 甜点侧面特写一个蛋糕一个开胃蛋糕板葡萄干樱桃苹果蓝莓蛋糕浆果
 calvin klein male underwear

==

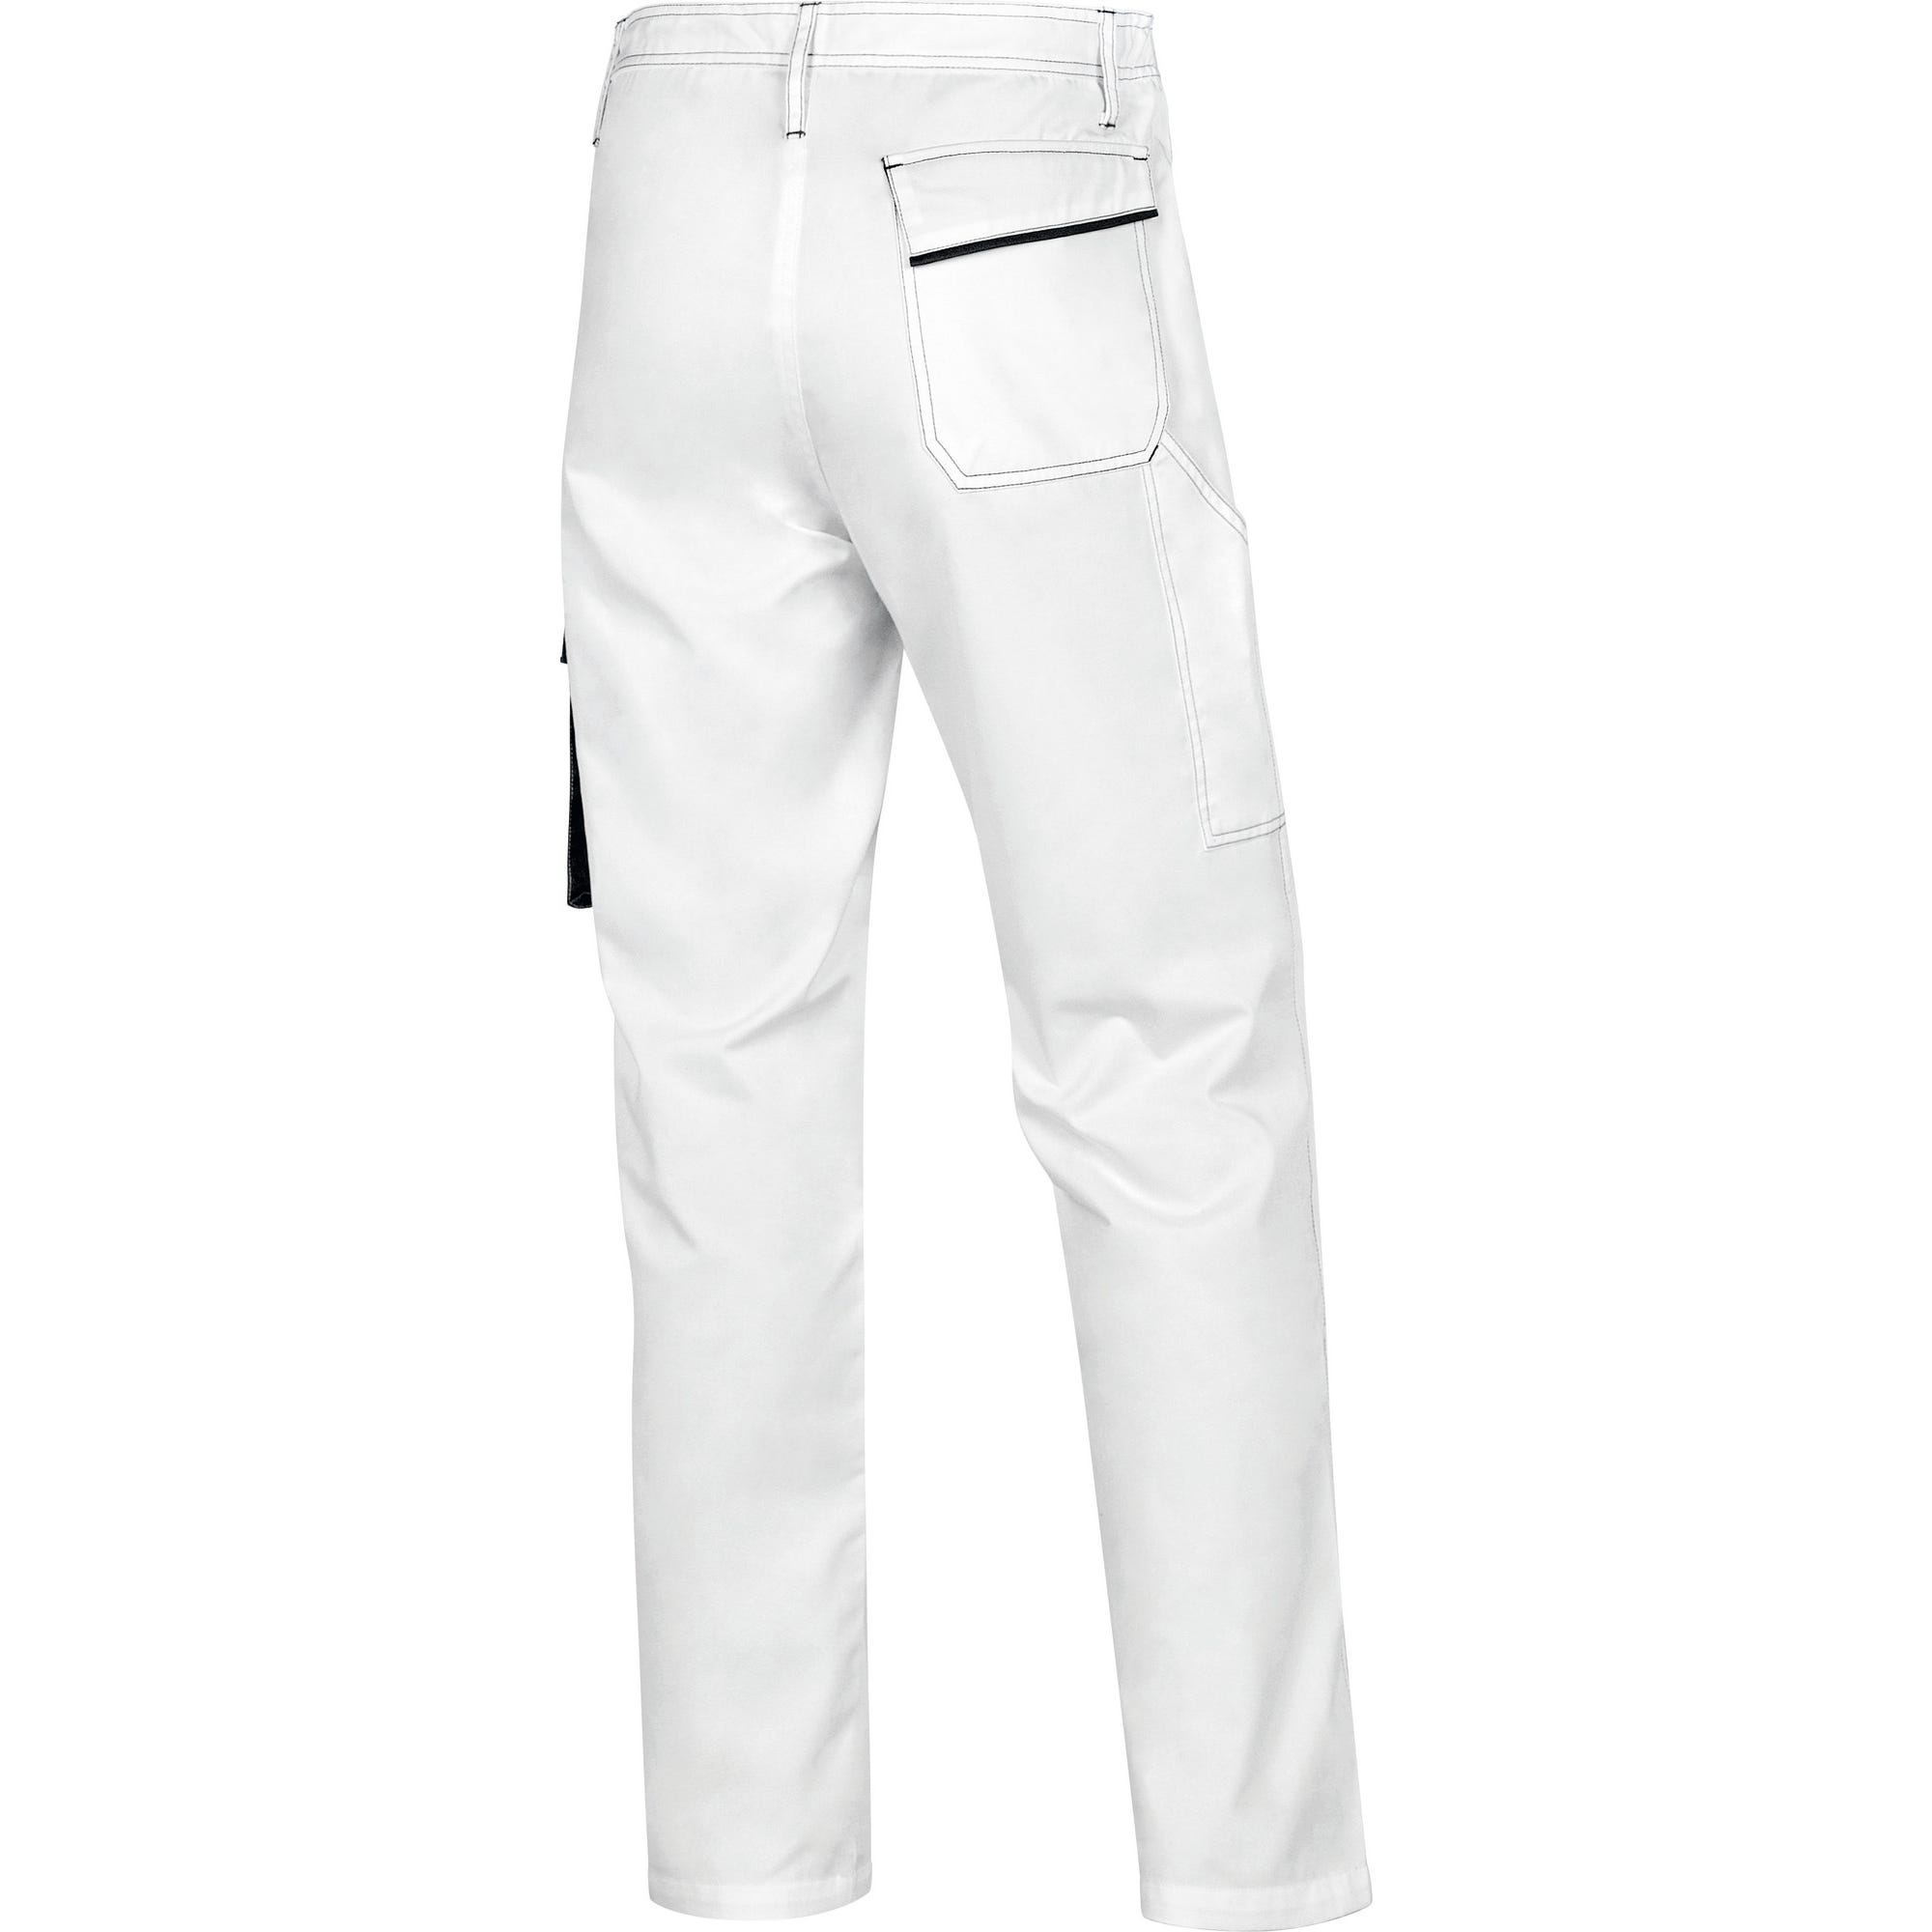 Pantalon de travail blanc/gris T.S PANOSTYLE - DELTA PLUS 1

--

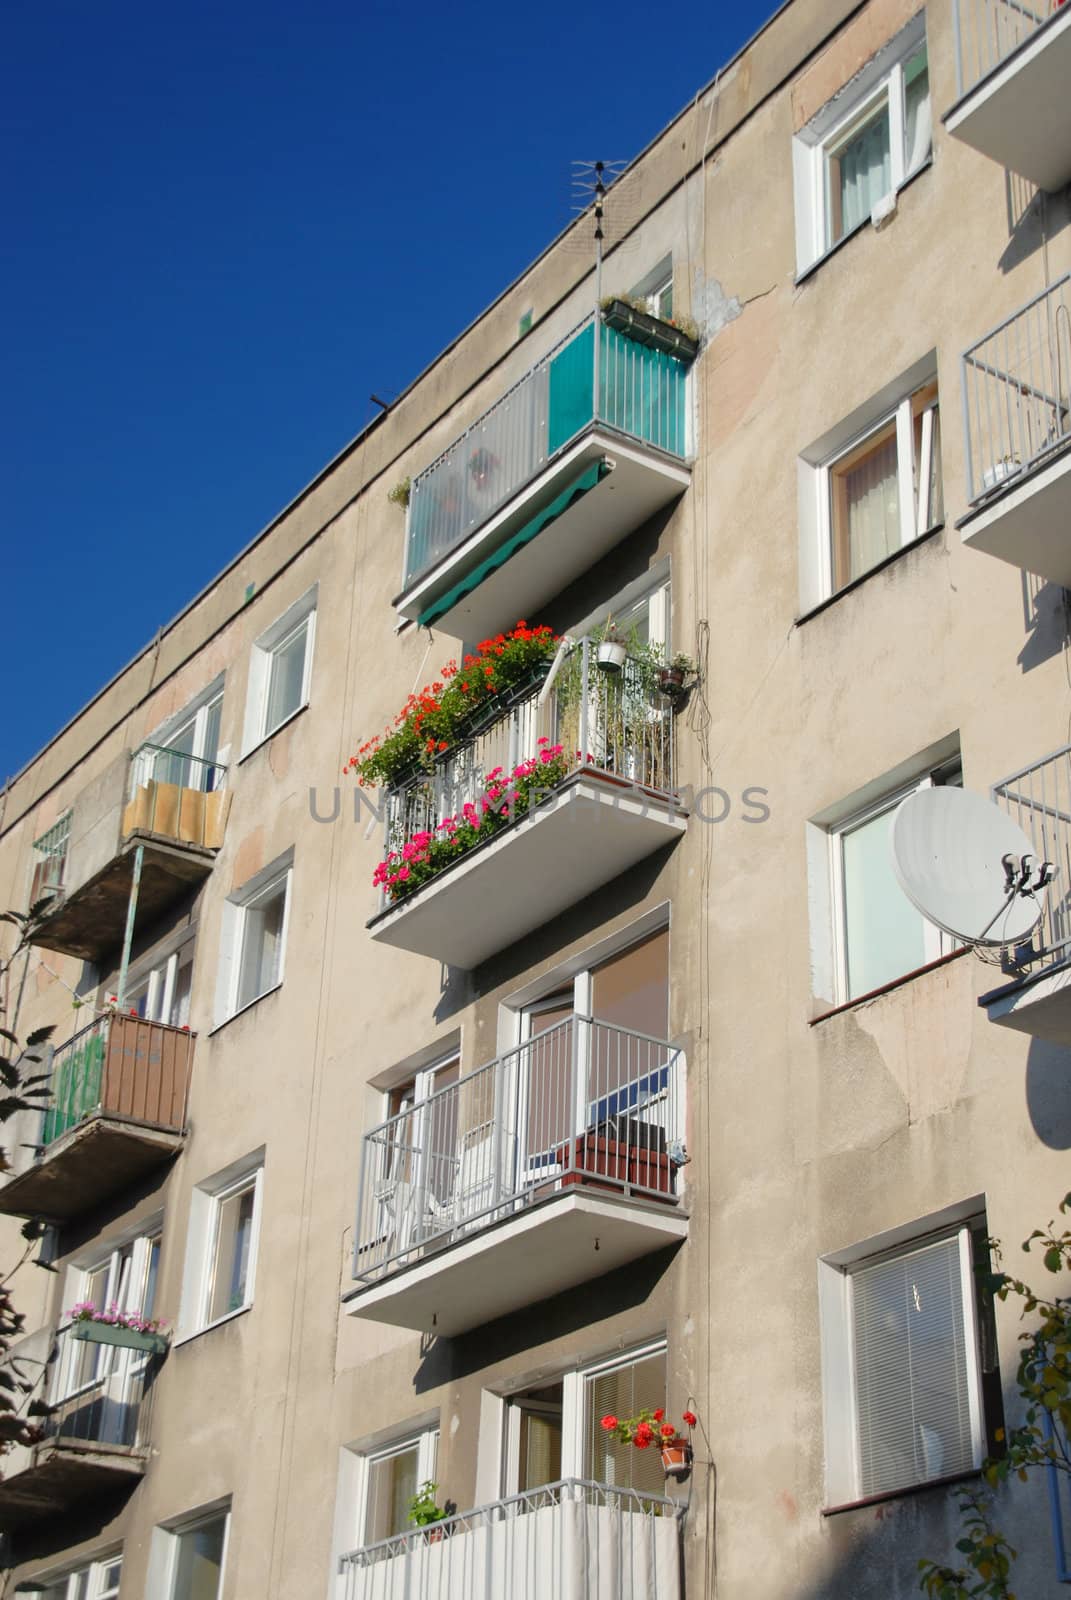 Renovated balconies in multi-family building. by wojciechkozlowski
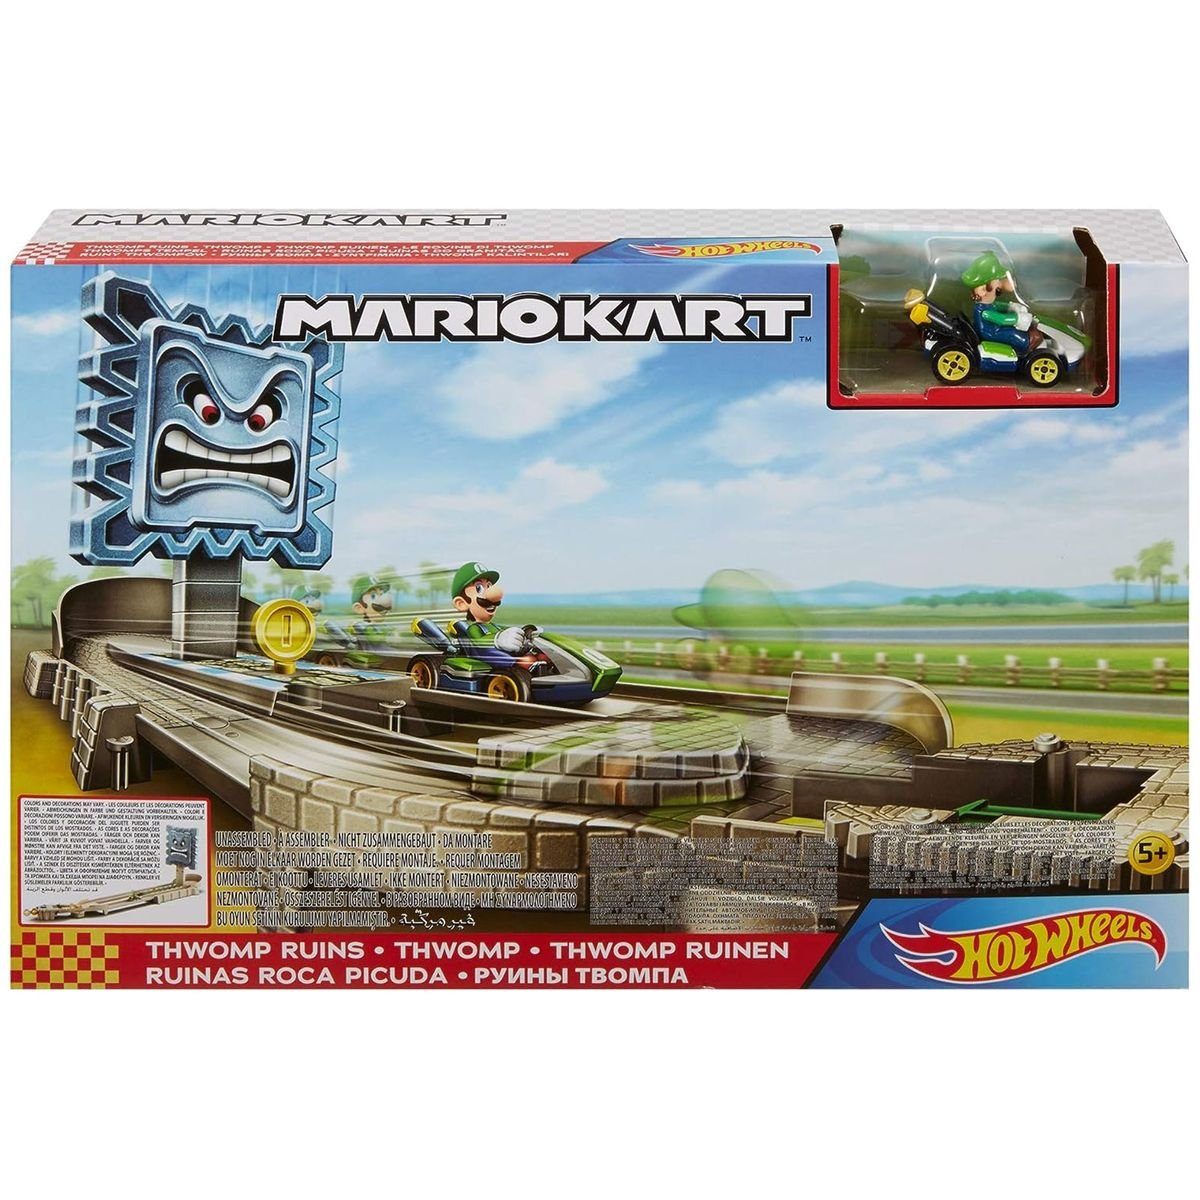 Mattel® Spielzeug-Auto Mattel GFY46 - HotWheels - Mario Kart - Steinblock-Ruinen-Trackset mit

◆ WHAT THE TASK REQUIRES ◆
In the data above, find the line with "甜点侧面特写一个蛋糕一个开胃蛋糕板葡萄干樱桃苹果蓝莓蛋糕浆果" and the line with "calvin klein male underwear". Retype both, plus every line between them, exactly.

◆ EXERCISE RESULT ◆
 甜点侧面特写一个蛋糕一个开胃蛋糕板葡萄干樱桃苹果蓝莓蛋糕浆果
 calvin klein male underwear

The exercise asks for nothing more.